Jam menunjukkan pukul 12.00, aku segera berjalan kembali ke parkiran untuk kembali meluncur menuju rumahku. Aku bosan dengan semua skripsi yang menyebalkan ini dan berniat ingin segera menyelesaikannya secepat mungkin. Ketika telapak kakiku terus berjalan, aku kembali melihat sesosok wanita yang serupa dengan yang ada di café tersebut sedang duduk didepan kantor admisi. Karena ingin melihat wajahnya, aku segera memalingkan wajahku dan mencari kemana sosok itu pergi, sayangnya aku tak dapat menangkap wajahnya dan kembali dihantui rasa penasaran akan sosok misterius itu.

Rasa penasaran itu terus menghantuiku, yang ternyata cukup mempengaruhi ku sampai-sampai ketikan kerangka skripsiku penuh dengan misspelled. Batinku cukup penasaran karena aku yakin wanita yang memandanginya dengan terang-terang itu adalah wanita yang sama dengan yang ditemukannya disudut kampus tadi.

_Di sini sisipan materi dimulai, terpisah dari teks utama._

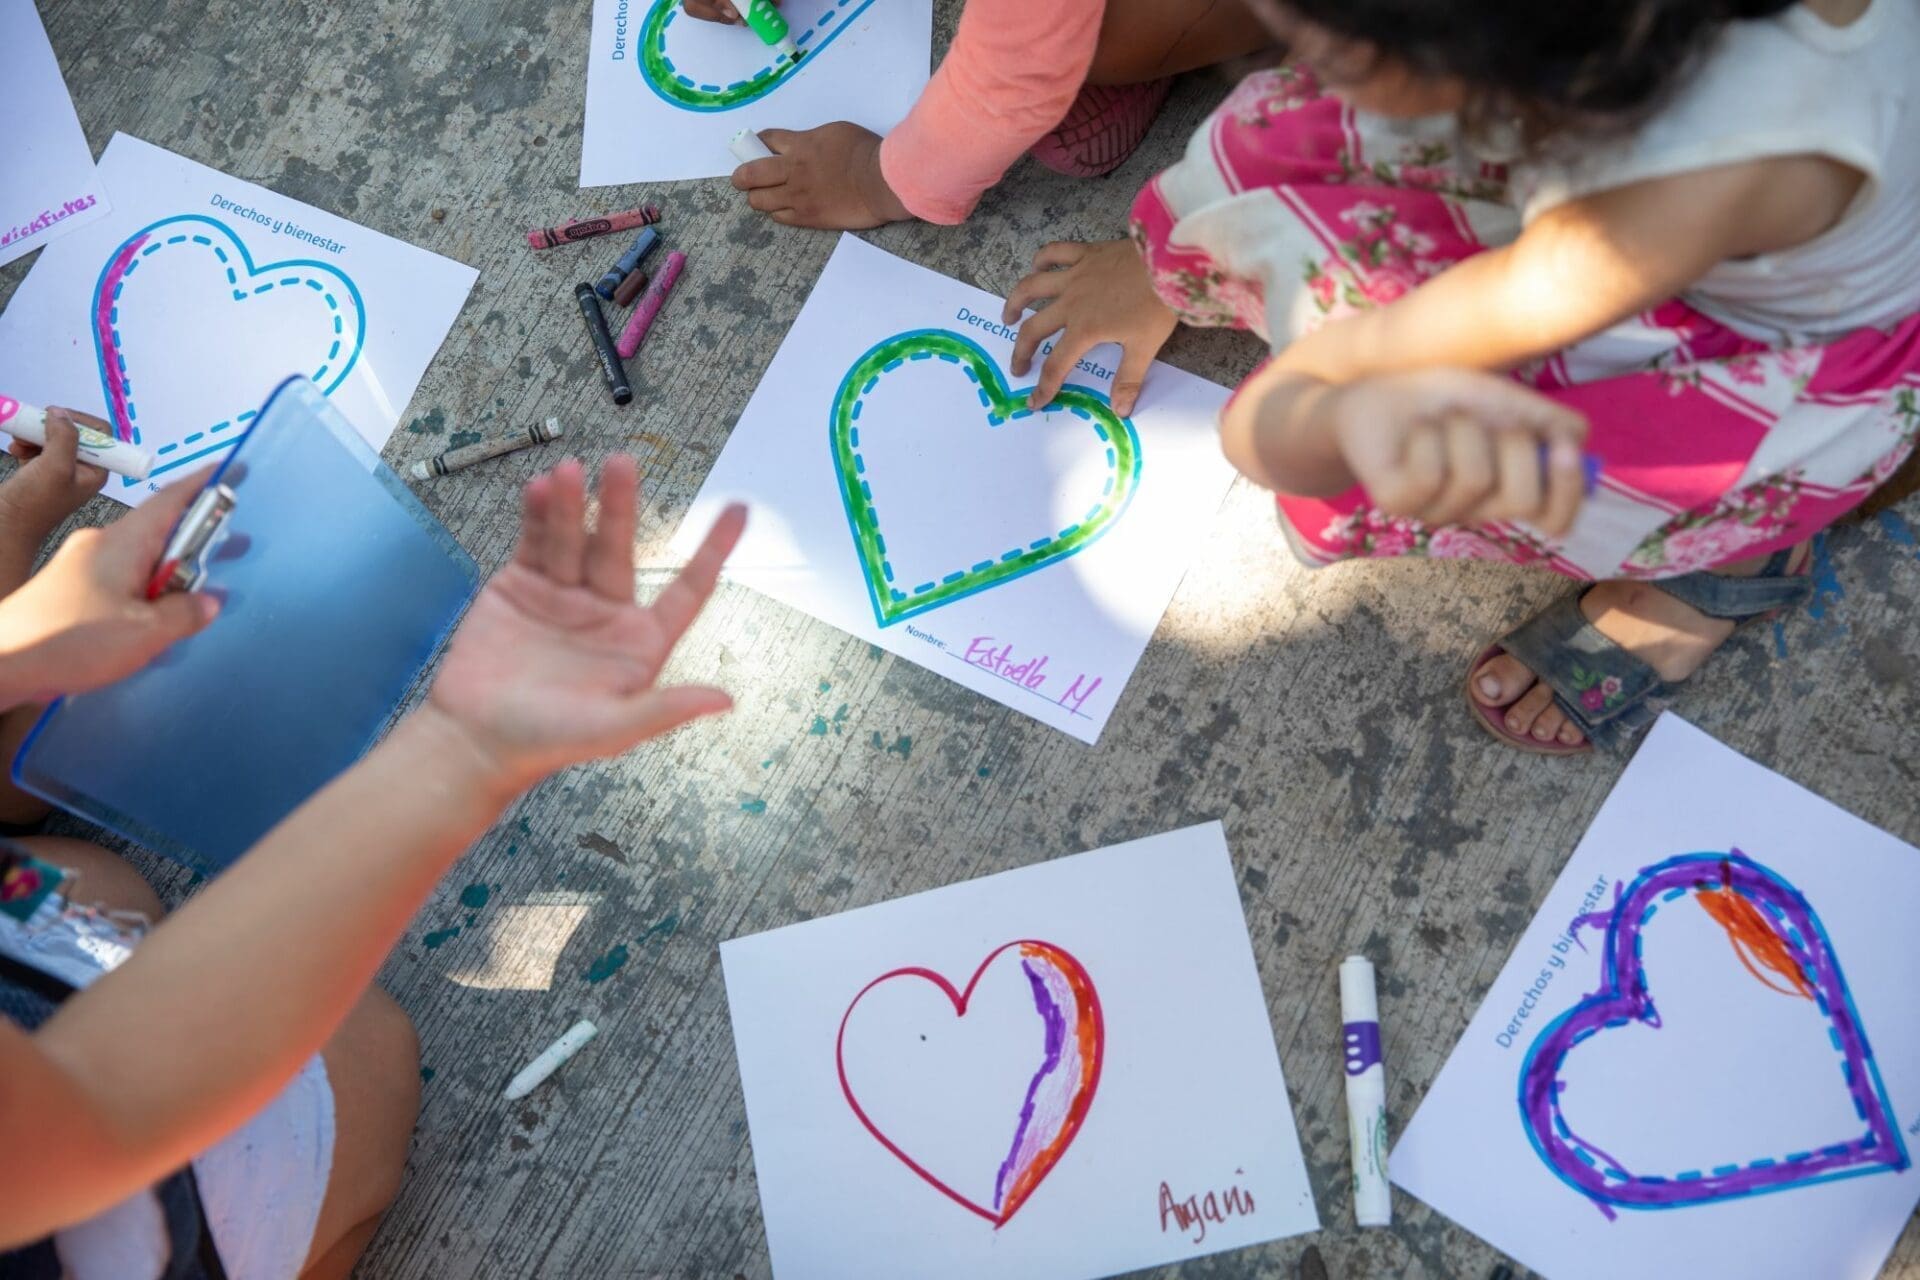 children at an art workshop in Tapachula. Photo by Brett Gundlock

“Siapakah wanita itu? Dan apa gerangan dia mengikutiku?” ujarku dalam hati.

***

Hari yang sudah kami tunggu-tunggu pun tiba. Ya, Sabtu sore, hari dimana kami semua akan hiking ke Gunung Bromo. Menurut sejumlah anak pencinta alam kampusku, Gunung ini cukup menantang dan cukup menyenangkan apabila didaki bersama-sama. Karena berencana untuk hiking tanpa bantuaan kendaraan, maka kami memutuskan untuk naik bus carteran umum yang mengarah ke daerah Bromo. Meskipun perjalanannya cukup memakan waktu lama, namun keinginan untuk sampai ke Gunung Bromo tidak akan dapat terhalangi oleh apapun.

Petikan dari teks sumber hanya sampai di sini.